After every ingest, Graphnosis runs a quick auto-relink pass over the affected engram. It compares the entities mentioned in the newly-added nodes (people, places, projects, concepts) against the entities in every existing node and creates “related-to” edges wherever there’s meaningful overlap.

This is why you’ll see lines like this in the dev terminal during normal use:

[host] auto-relink wove 44 edges across 373 active nodes in personal

That’s Graphnosis discovering, on its own, that a new note you just dropped in has 44 cross-references to memories you already had. Without this pass, each new file would be an island; with it, your engram graph genuinely gets denser the more you put in.

The pass is throttled and capped (autoRelinkMaxNodes in Settings, default 5,000 active nodes) so it stays fast even as graphs grow.
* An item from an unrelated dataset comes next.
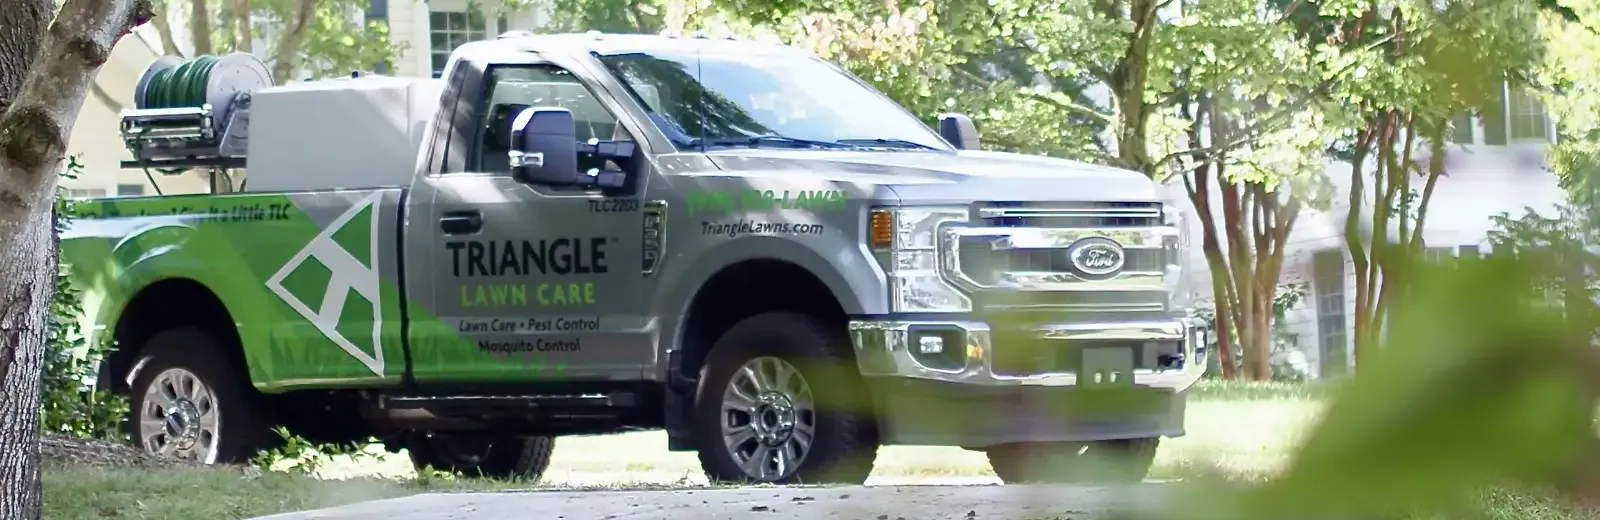 Triangle Lawn Care Truck

For very large engrams that exceed the cap, you’ll see auto-relink skipped: active node count > maxNodes — recall and search still work; only the cross-doc edge creation is paused.

Content caching: why it matters for recovery

When you ingest a file, the raw bytes are also cached in your Cortex (encrypted, in content/) — by default for any source up to 512MB. This is the difference between:

Cache hit: if you later move/delete the original file, or the .gai file is somehow damaged, you can rebuild from cache without ever touching the original source again. Fast, automatic, no user action beyond clicking “Recover” in the app.
Cache miss (e.g. you raised the cap, or disabled caching): recovery only works if the original file is still at the exact path you ingested it from. If it’s moved, the source shows up as file-missing in the Recovery panel.
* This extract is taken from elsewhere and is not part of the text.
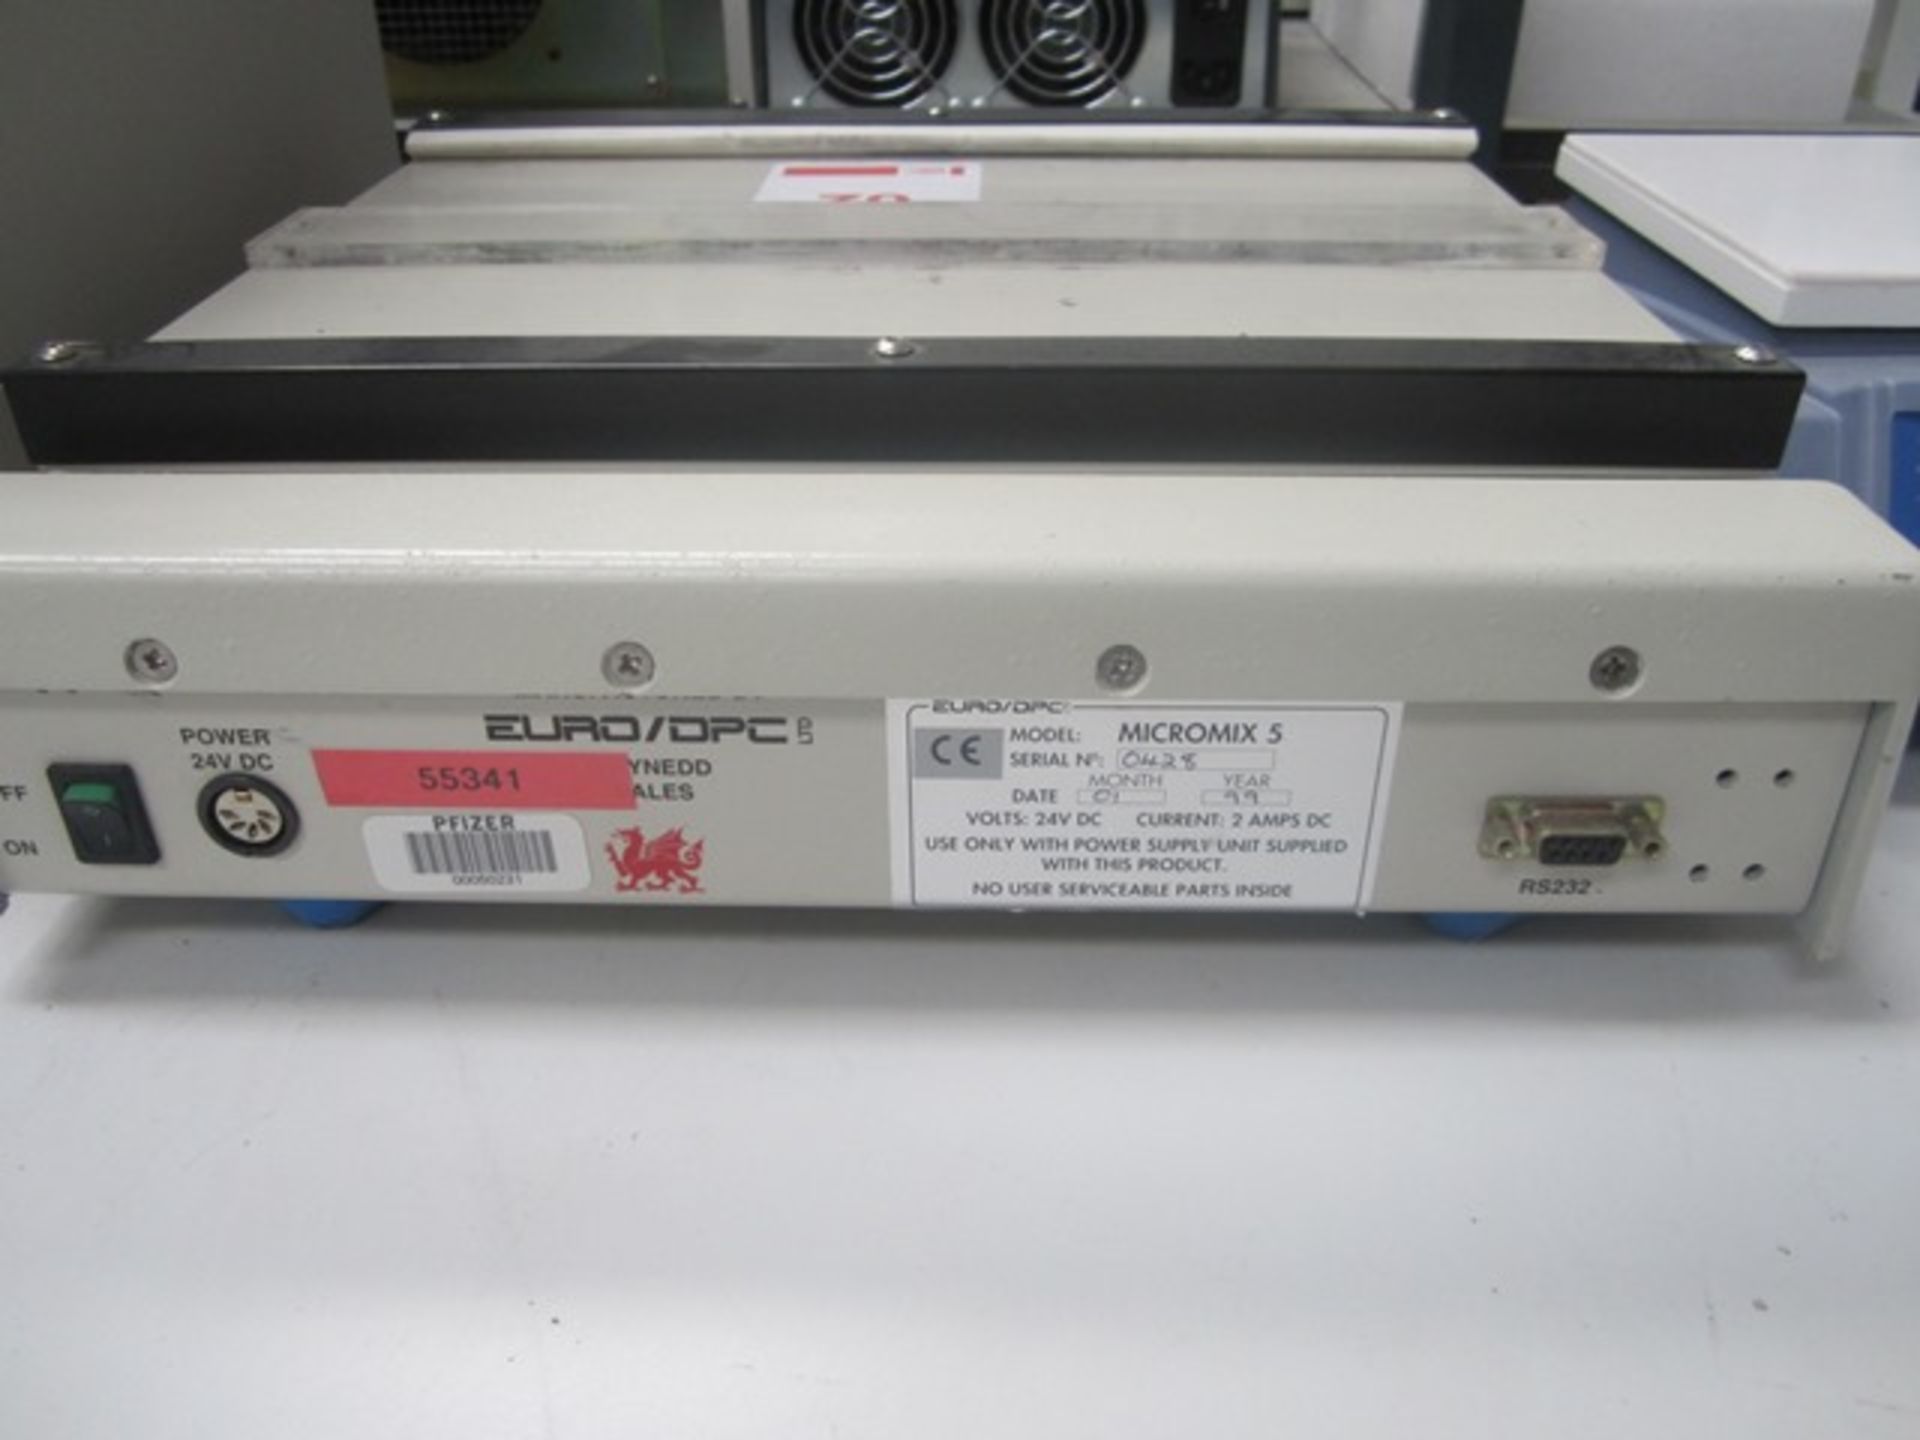 DPC MciroMix 5 bench top mixer, serial number 0428 - Image 3 of 3

You can change the cache mode and per-source size limit in Settings → Content Cache if you want to trade disk space for recovery flexibility. The default (all mode, 512MB cap) covers most practical sources including large reference manuals.

There is no hard file size limit, but files over ~50 MB of raw text may take several minutes to ingest.

Reingest and update

If a file you’ve ingested has changed, you can reingest it from the Source detail view. The old chunks are replaced with fresh ones from the updated content. The Source’s updated_at timestamp is updated accordingly.

Removing a source

Open the Source in the Graphnosis window and click Remove. This deletes all associated chunks and embeddings from the Cortex. The original file on disk is not touched.